DATA SECTION |
##########
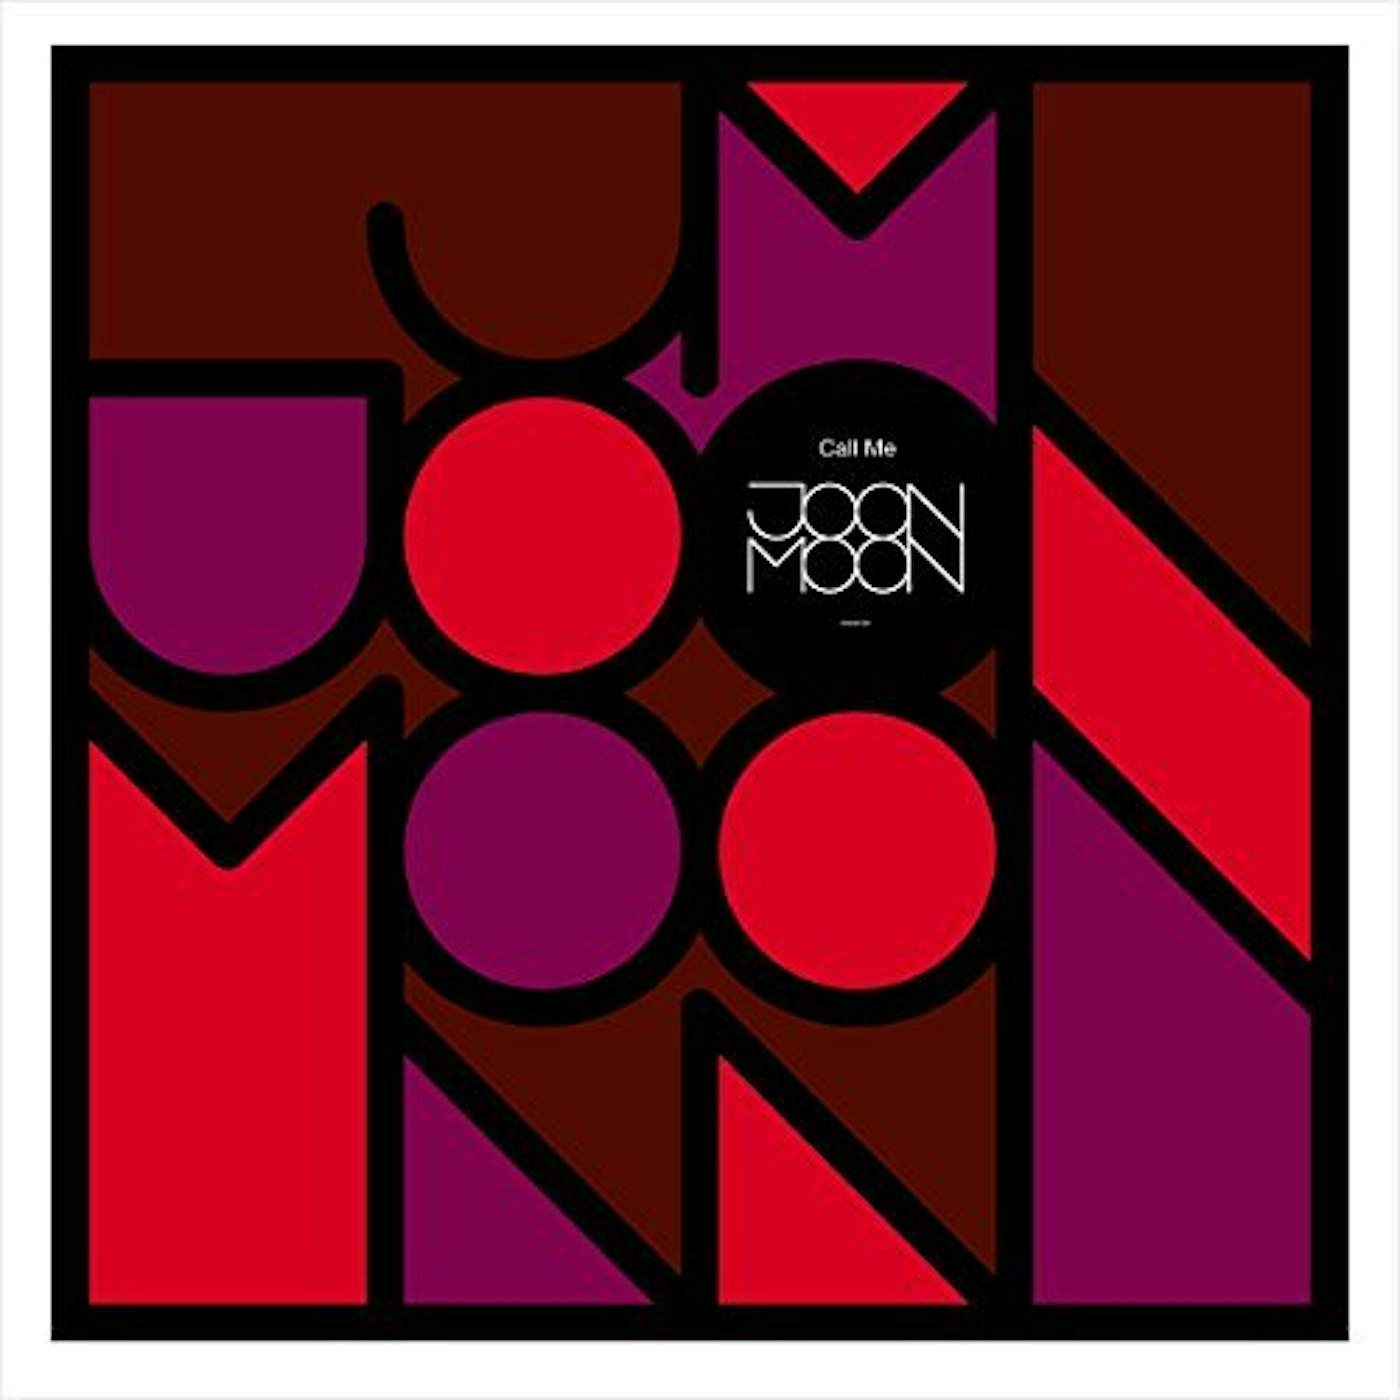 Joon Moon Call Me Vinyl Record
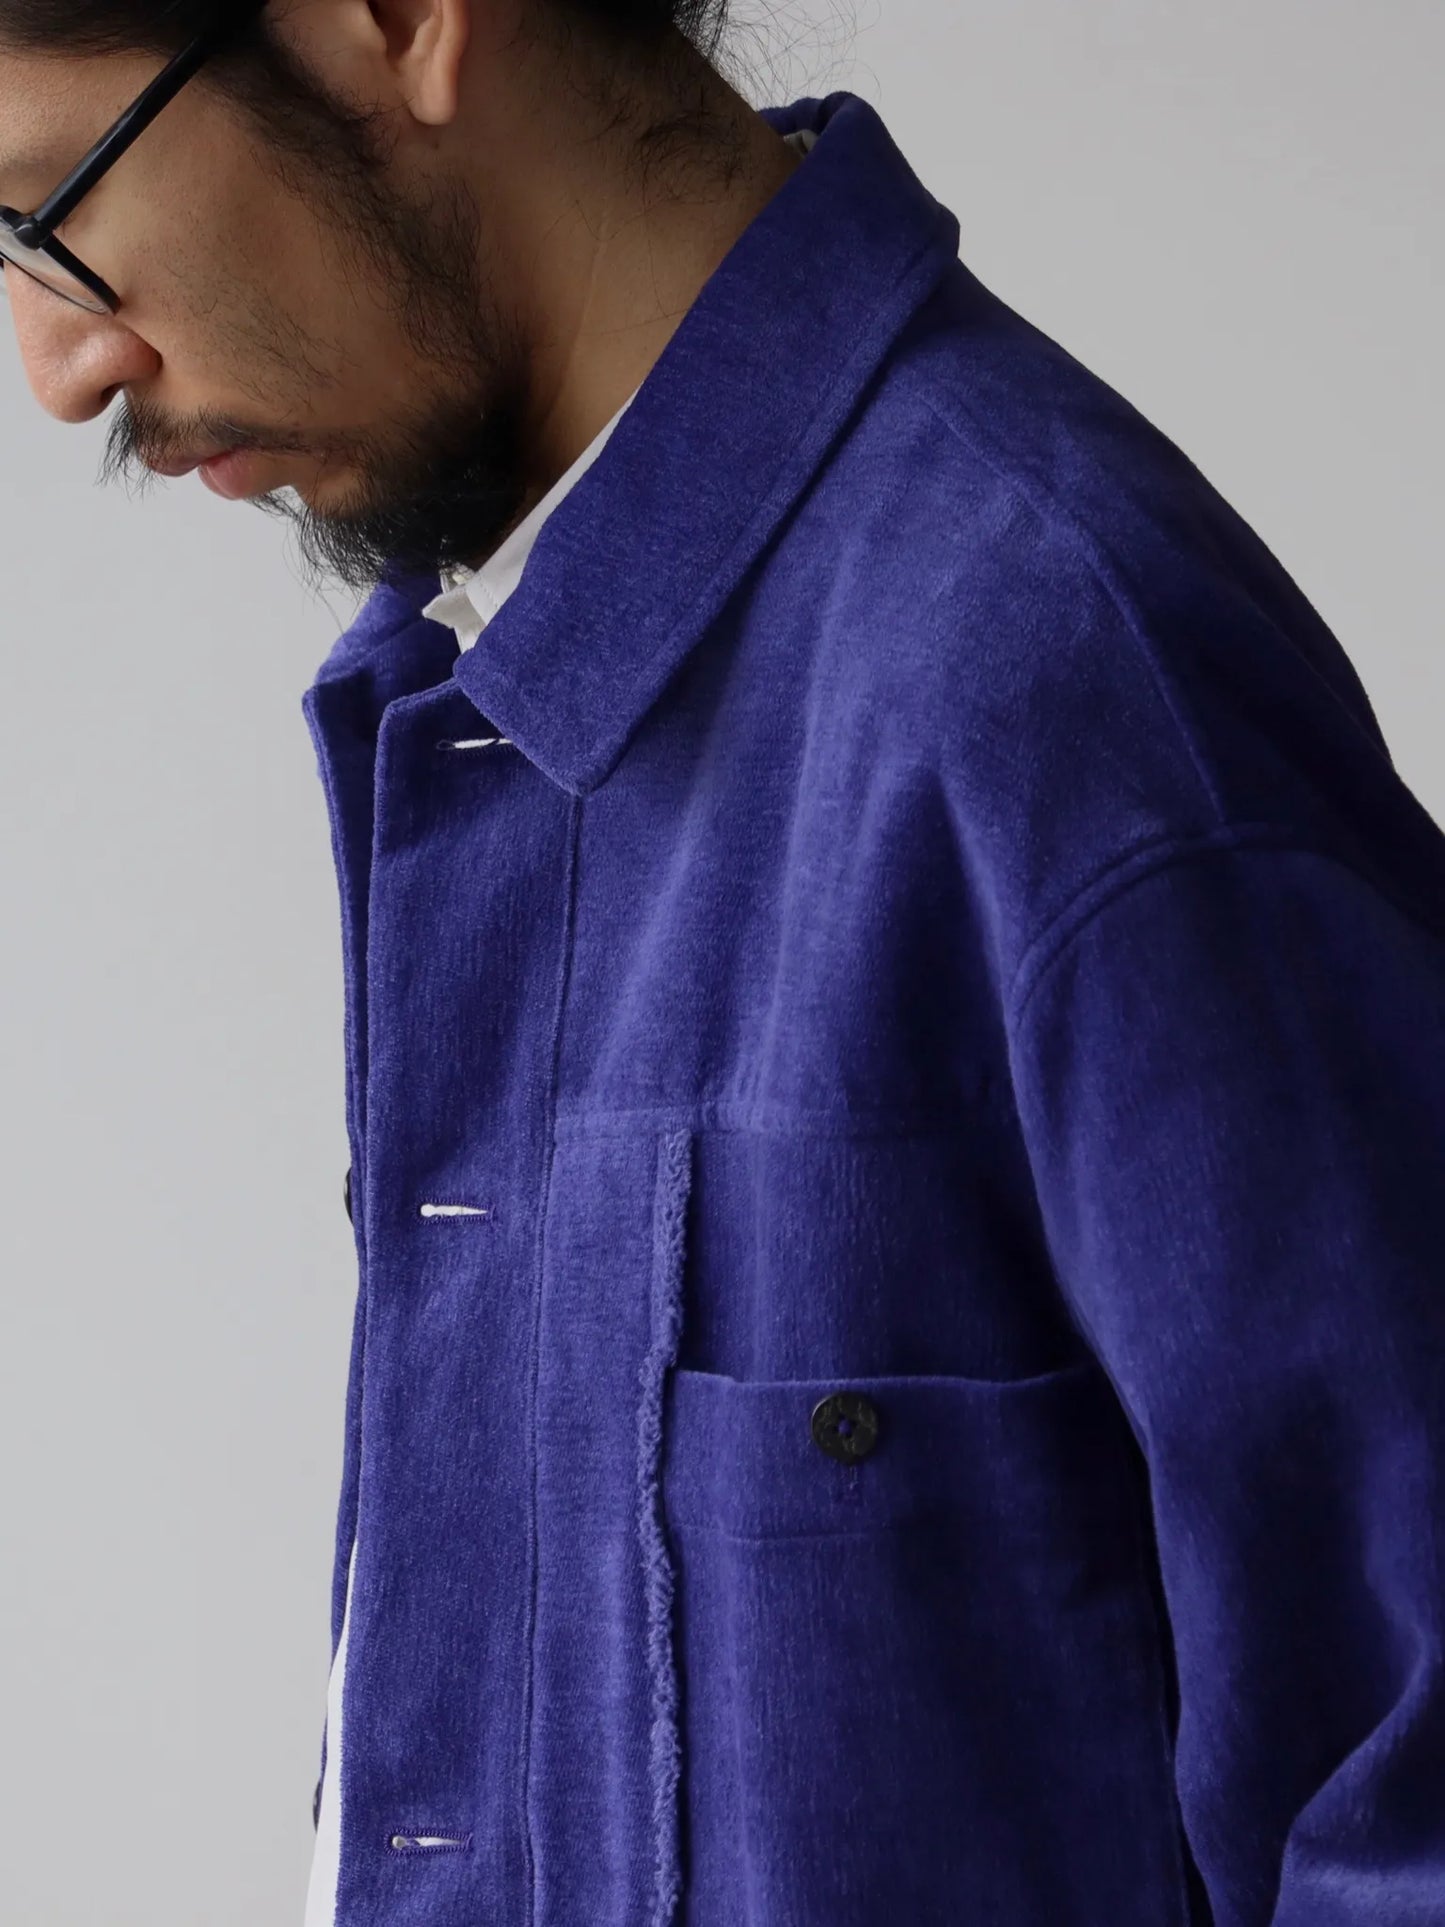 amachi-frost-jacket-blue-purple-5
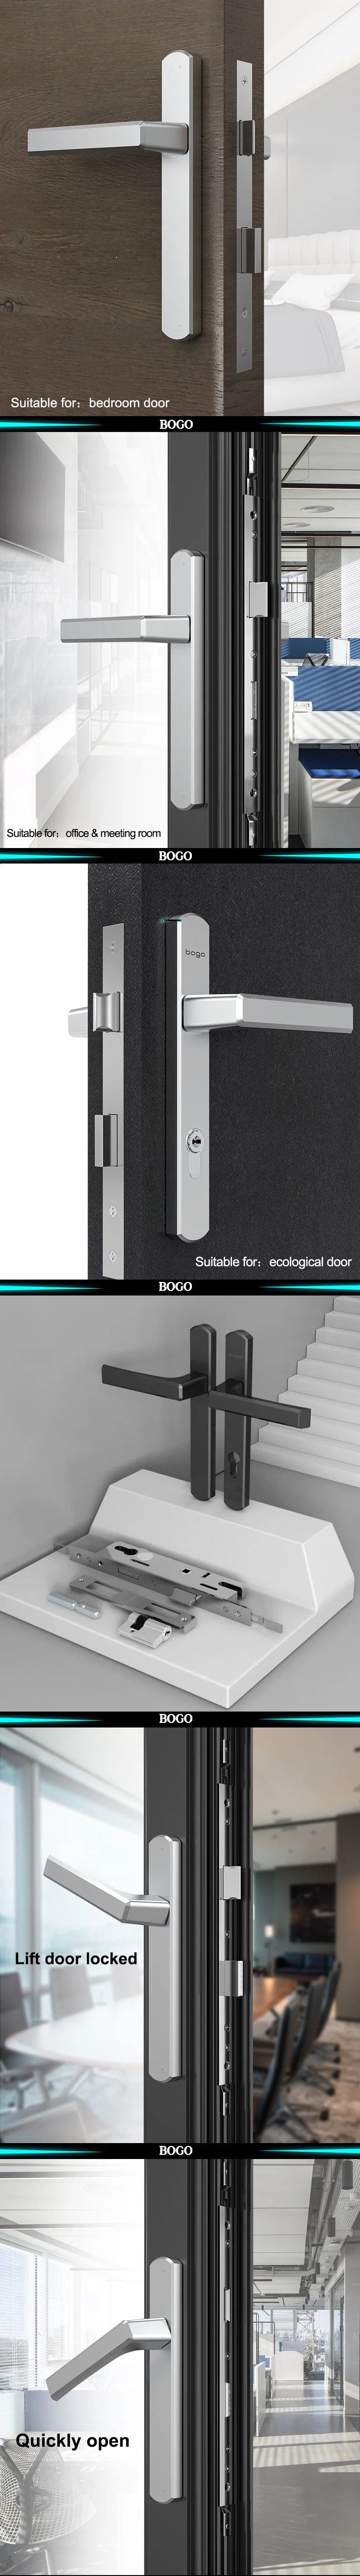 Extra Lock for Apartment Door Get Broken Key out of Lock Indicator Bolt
##########
EXERCISE REQUIREMENTS | The data above must be written out again word for word, without its pictures.

RESULT BELOW |
 Joon Moon Call Me Vinyl Record
 amachi-frost-jacket-blue-purple-5
 Extra Lock for Apartment Door Get Broken Key out of Lock Indicator Bolt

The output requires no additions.